START Material for this exercise

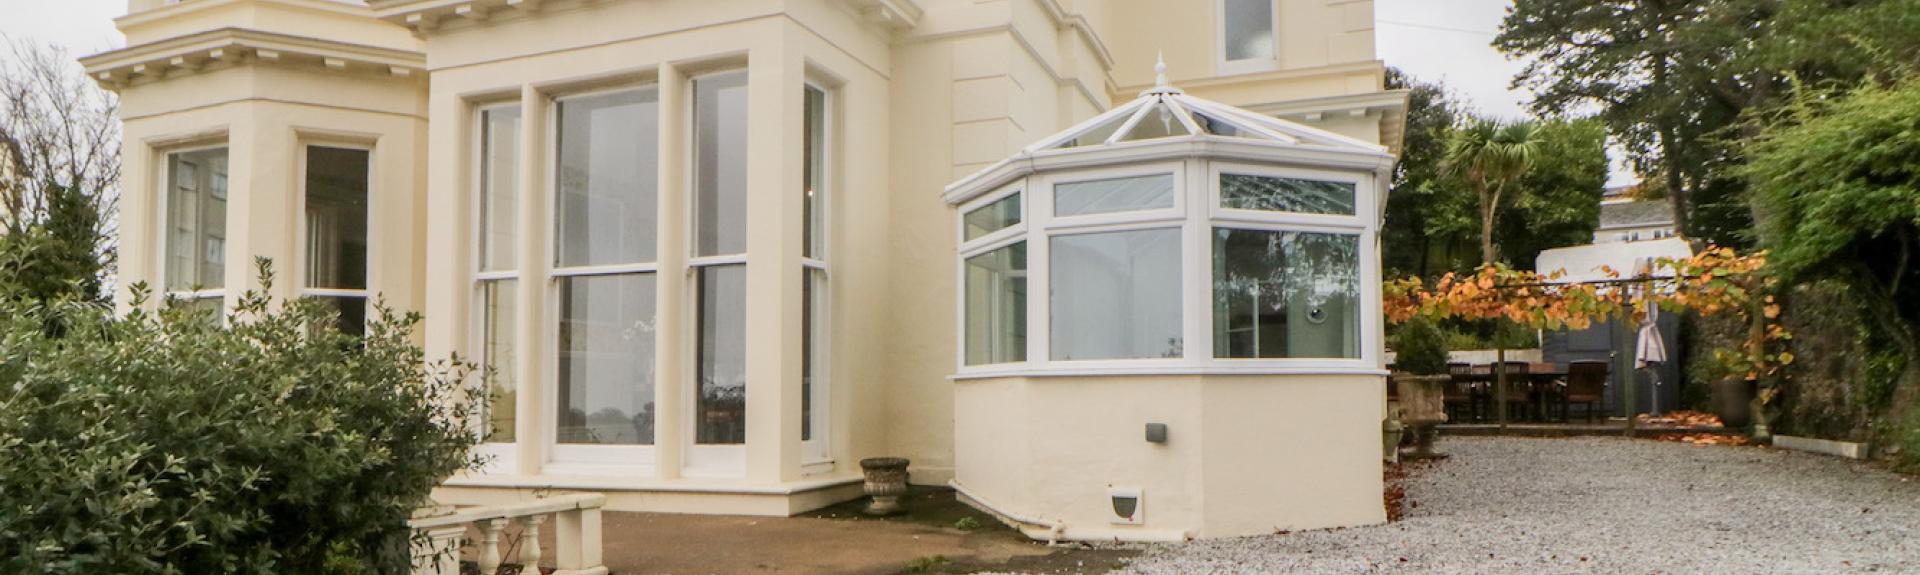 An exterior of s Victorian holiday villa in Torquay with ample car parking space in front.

END Material for this exercise
START Material for this exercise

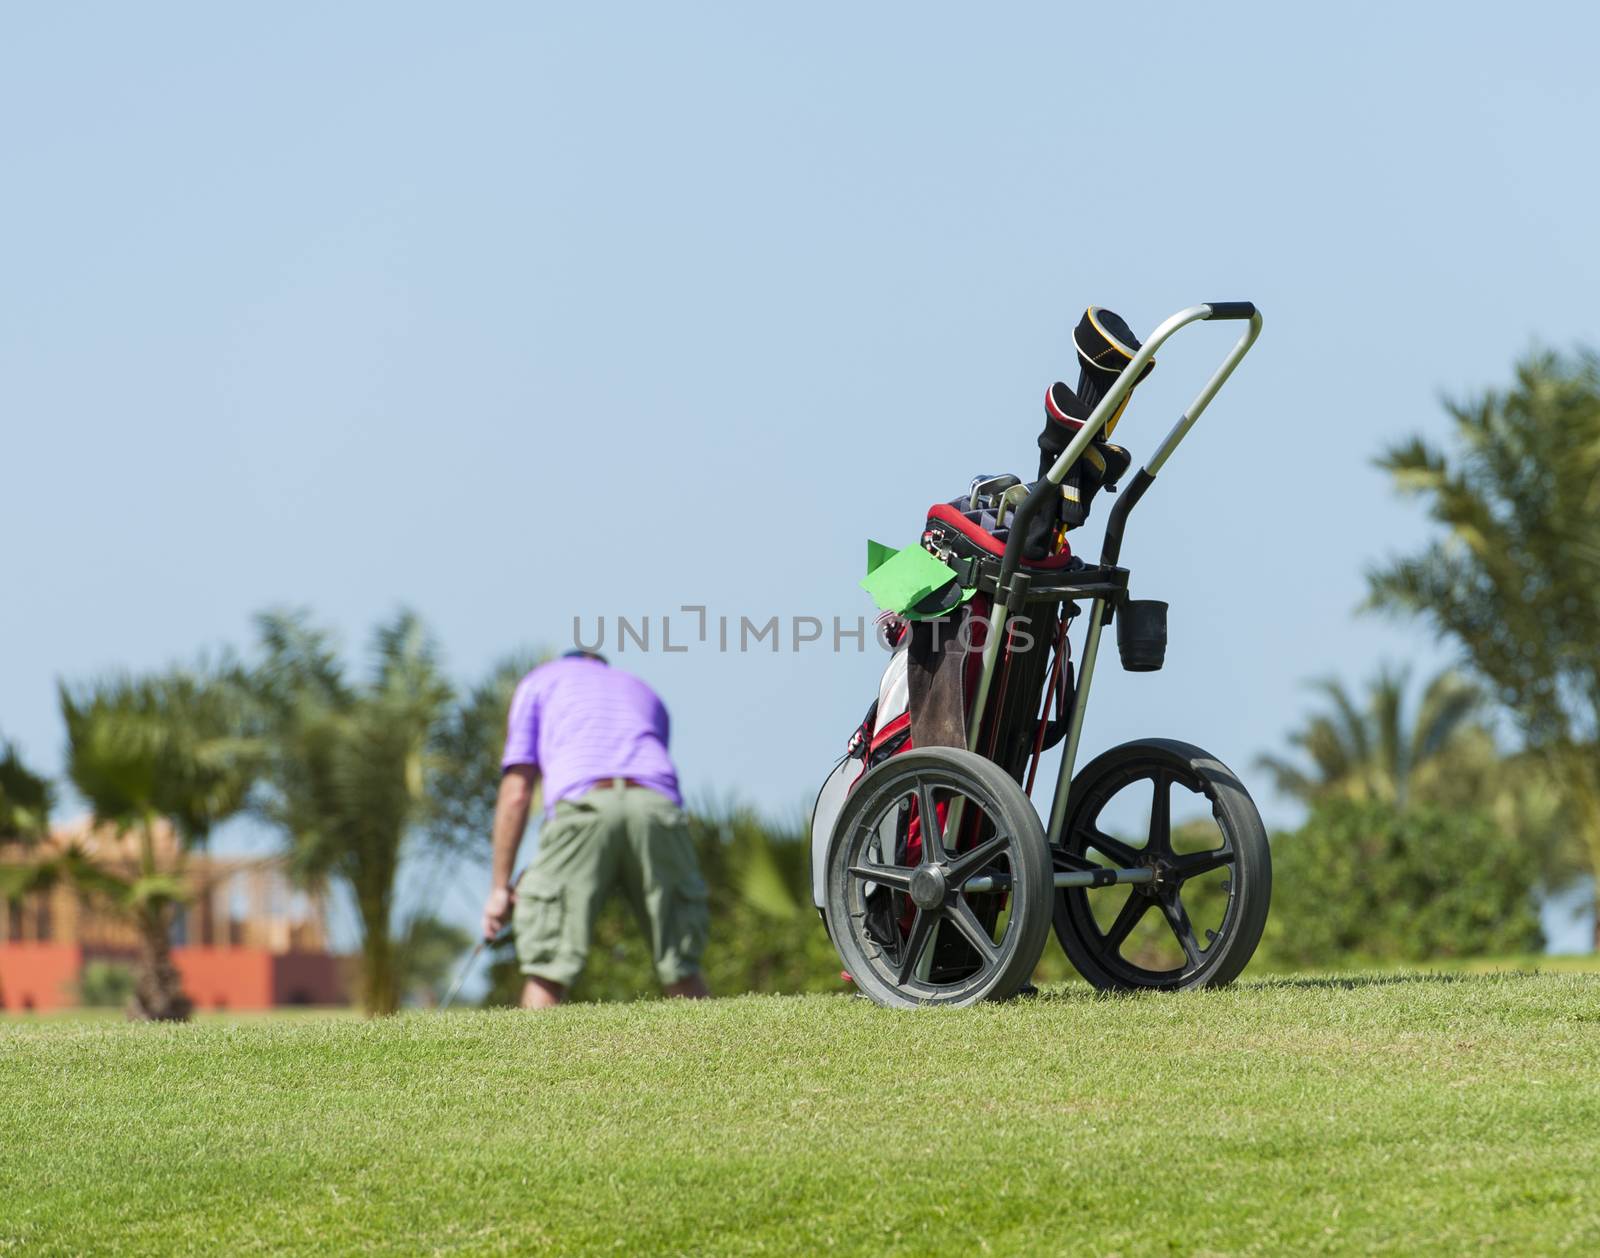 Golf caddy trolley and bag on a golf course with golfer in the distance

END Material for this exercise
START Material for this exercise

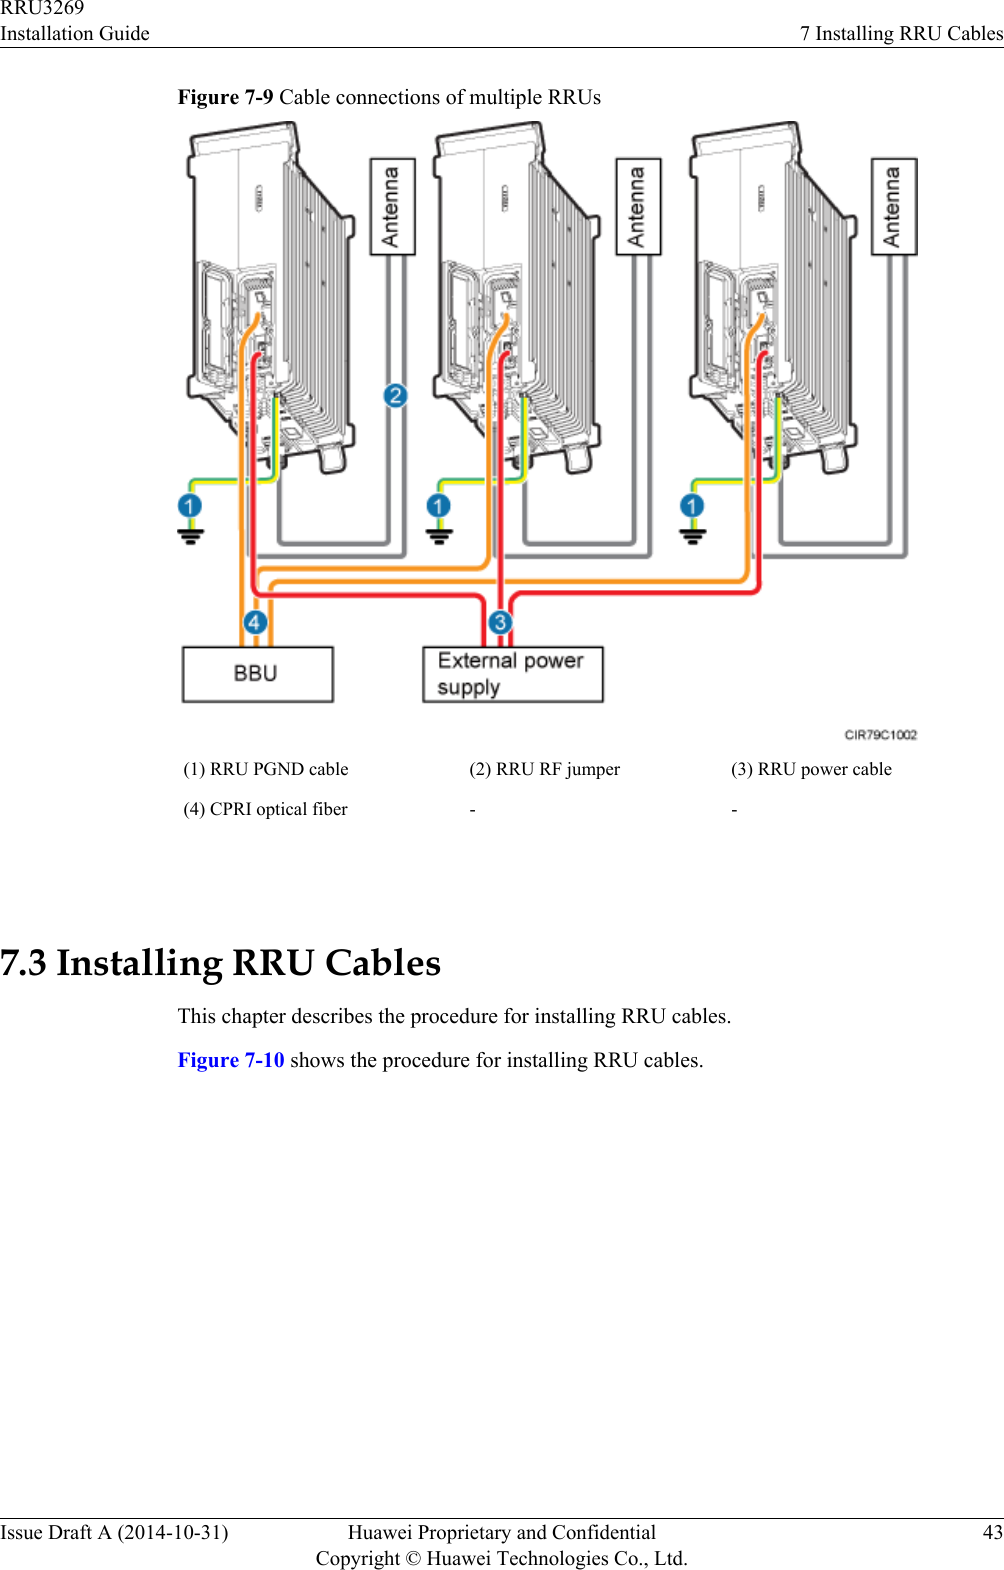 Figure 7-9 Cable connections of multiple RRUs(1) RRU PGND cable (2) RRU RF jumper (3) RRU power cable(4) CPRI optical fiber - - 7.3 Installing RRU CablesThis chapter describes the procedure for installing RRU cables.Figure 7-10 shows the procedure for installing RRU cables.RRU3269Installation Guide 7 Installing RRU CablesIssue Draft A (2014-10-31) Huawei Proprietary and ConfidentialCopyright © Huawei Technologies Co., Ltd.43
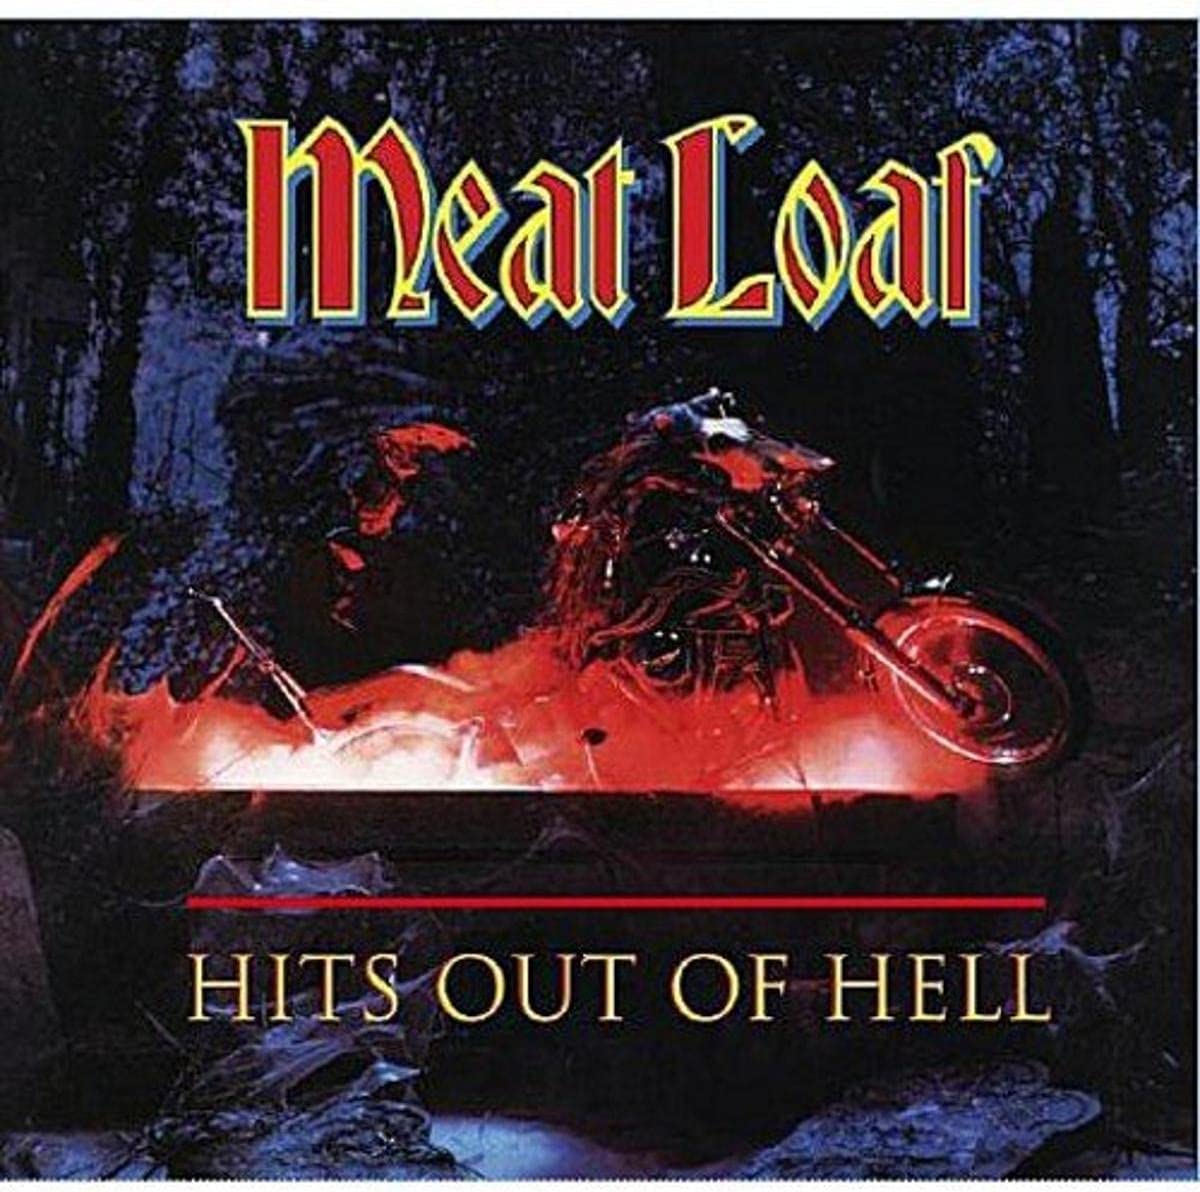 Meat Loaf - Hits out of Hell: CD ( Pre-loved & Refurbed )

END Material for this exercise

When copying from the data above, begin at the line containing "Figure 7-9 Cable" and end at the line containing "Meat Loaf - Hits"; return those lines exactly and leave all pictures behind.

Exercise solution
 Figure 7-9 Cable connections of multiple RRUs(1) RRU PGND cable (2) RRU RF jumper (3) RRU power cable(4) CPRI optical fiber - - 7.3 Installing RRU CablesThis chapter describes the procedure for installing RRU cables.Figure 7-10 shows the procedure for installing RRU cables.RRU3269Installation Guide 7 Installing RRU CablesIssue Draft A (2014-10-31) Huawei Proprietary and ConfidentialCopyright © Huawei Technologies Co., Ltd.43
 Meat Loaf - Hits out of Hell: CD ( Pre-loved & Refurbed )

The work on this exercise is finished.